Gemini 3.1 Pro Preview
Google's top Gemini 3-series model for advanced reasoning, coding, and agentic workflows. It improves the Gemini 3 Pro line with better thinking, tool use, and factual consistency.
Veo 3.1
Google's flagship video generation model. Adds advanced creative controls and improved prompt adherence on top of the Veo 3 native-audio foundation.
Veo 3.1 Lite
Google's efficient, developer-first variant of Veo 3.1. Lower cost and faster generation; same family as the main 3.1 model with reduced fidelity for tighter feedback loops.
DeepSeek V4 Flash
DeepSeek's efficient tier of the V4 generation. Faster and cheaper than V4 Pro; the practical default for high-throughput agentic workloads.
DeepSeek V4 Pro
DeepSeek's flagship general-purpose MoE model. Successor to V3; competitive with closed frontier-tier models at open-weights cost.
Midjourney V8.1
Midjourney's flagship image generator. V8.1 is its fastest model yet (2K HD by default); strong artistic quality and a distinctive aesthetic, bound to its Discord and web product, no public API.
GPT-5.5
OpenAI's flagship model — a unified general-purpose and reasoning model positioned as a new class of intelligence for coding and professional work. The current successor to the GPT-4o / o-series lines.
GPT Image 2
OpenAI's current image generation and editing model. It replaces the older DALL·E line with a single state-of-the-art model for image creation and edits.
Qwen3.6 35B-A3B
Alibaba's current open-weight flagship from the Qwen3.6 generation. MoE architecture with 35B total / 3B active parameters; natively multimodal (text + vision) with up to ~1M-token context.
Gemma 4 31B
Google's flagship open-weight Gemma 4. Natively multimodal (text + vision); supersedes Gemma 2 with significantly improved capabilities and a larger size.
Mistral Medium 3.5
Mistral's frontier-class multimodal model for agentic and coding use cases. It sits between the largest flagship tier and the lighter Small line while remaining open-weight.
Suno v5.5
Suno's flagship music generation model. v5.5 adds Voices, Custom Models, and personalization; produces full songs (vocals + instrumentation) from a text prompt — the most polished consumer music AI.
GPT-5.4 mini
OpenAI's strongest small model for coding, computer use, and subagents. The efficient, lower-cost tier of the GPT-5 line and the named replacement for o4-mini.
Mistral Small 4
Mistral's hybrid open model that unifies instruct, reasoning, and coding in a single efficient line. It is the current small generalist flagship in Mistral's open lineup.
Claude 4.6 Sonnet
Anthropic's mid-tier model — the practical default for production workloads.

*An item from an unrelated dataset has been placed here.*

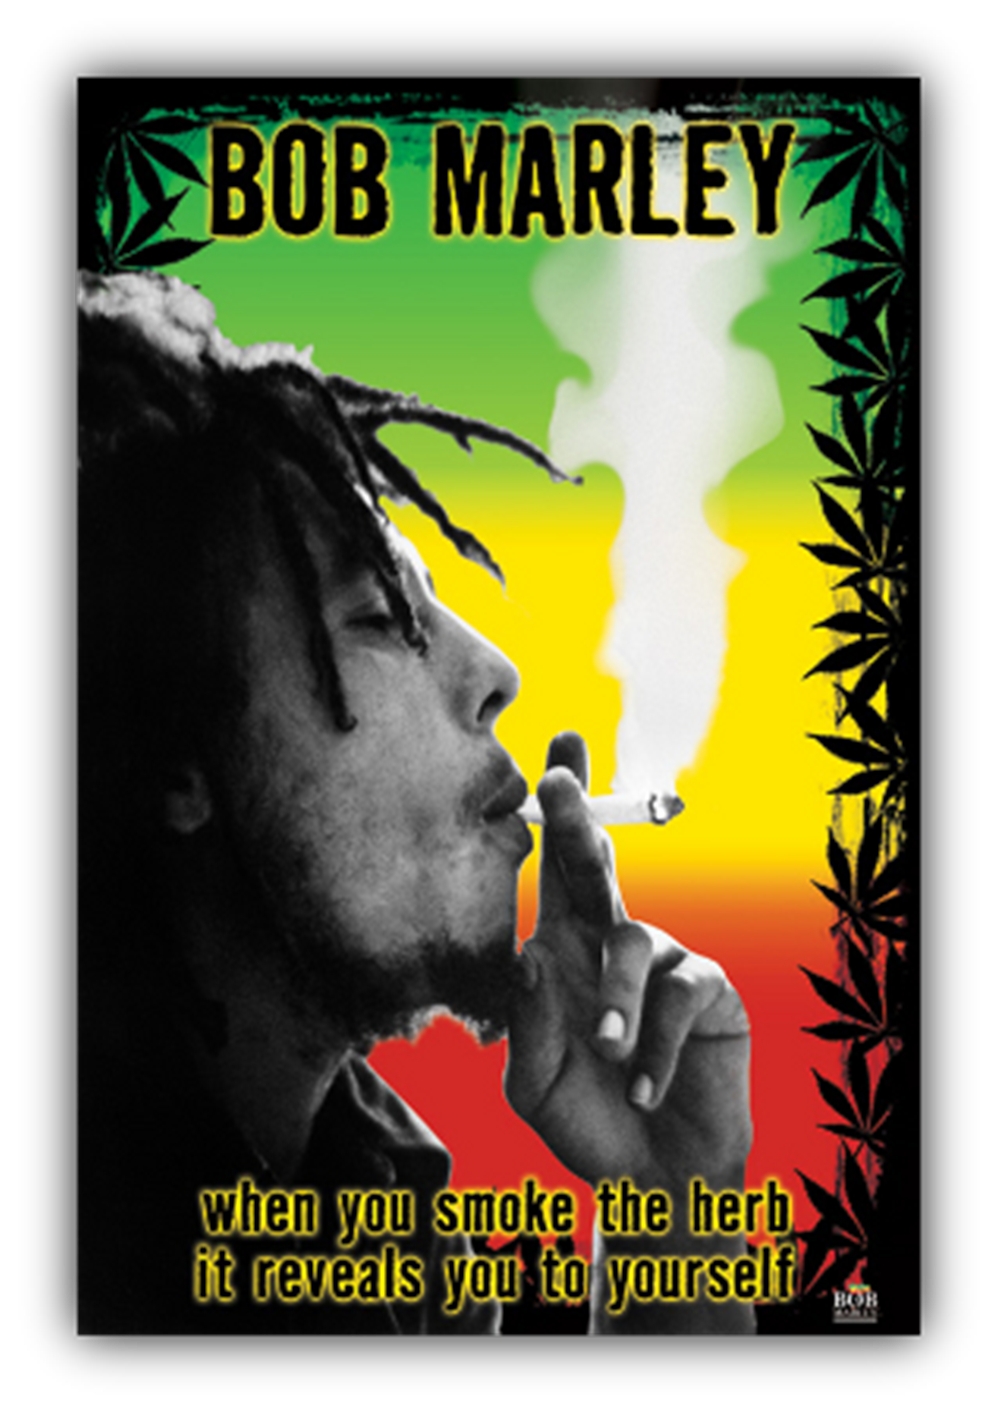 BOB MARLEY SMOKE FLAG

Balances quality and cost for most applications.
FLUX.2 [dev]
Black Forest Labs' next-generation open-weight image model. Supersedes FLUX.1 [dev] with improved quality and control; remains the open-weights choice for self-hosted image generation.
GPT-5.3-Codex
OpenAI's most capable agentic coding model — tuned for long-horizon software engineering, tool use, and the Codex agent surface.
Kling 3.0
Kuaishou's video generation model. 3.0 adds native audio, multimodal input, and up to 15-second clips; strong on human motion and physical realism.
ElevenLabs Eleven v3
ElevenLabs' flagship expressive TTS (Eleven v3). The benchmark for natural-sounding speech and voice cloning across 70+ languages; Flash/Turbo v2.5 cover low-latency use.
Voyage 4
Voyage AI's flagship embedding model (voyage-4-large). Top of MTEB across many tasks; the embedding service Anthropic recommends for Claude RAG workloads.
OCR 3
Mistral's current OCR service for its Document AI stack. It extracts interleaved text and images from documents and replaces the older Mistral OCR line.
Cohere Rerank v4
Cohere's flagship reranker (rerank-v4.0-pro). The standard second-pass model after a vector or BM25 retrieval — 100+ languages, 32K per-doc context, bumps precision noticeably with minimal architecture changes.
Runway Gen-4.5
Runway's flagship video generation model. Strong creative-tooling ecosystem (motion brush, camera control, style transfer); the production tool of choice for many video creators.
Devstral 2
Mistral's frontier code-agents model for software engineering tasks. It is designed for tool-heavy coding workflows across whole repositories and multi-file edits.
Ministral 3 14B
The largest model in Mistral's Ministral 3 family. It is built for local deployment with strong text and vision performance on diverse hardware.
Mistral Large 3
Mistral AI's flagship model. Successor to Mistral Large 2 with improved multilingual coverage and reasoning. EU-jurisdiction provider.
FLUX.2 [pro]
Black Forest Labs' commercial flagship (FLUX.2 [pro]). The closed top tier when you need commercial-use rights and maximum quality; FLUX.2 [dev] is the open-weight sibling.
Claude Haiku 4.5
Anthropic's fast, cheap tier. The right choice for high-throughput agentic work and tasks where latency matters more than depth.
Sora 2
OpenAI's video generation model. Sora 2 adds synchronized audio and stronger physics over the original Sora. Note: OpenAI is winding the Sora product down — the consumer app closed and the API is slated to shut down 2026-09-24.
Luma Ray3
Luma AI's flagship video model (behind the Dream Machine app). Ray3 is reasoning-driven with native HDR; strong on cinematic camera moves and 3D-aware generation.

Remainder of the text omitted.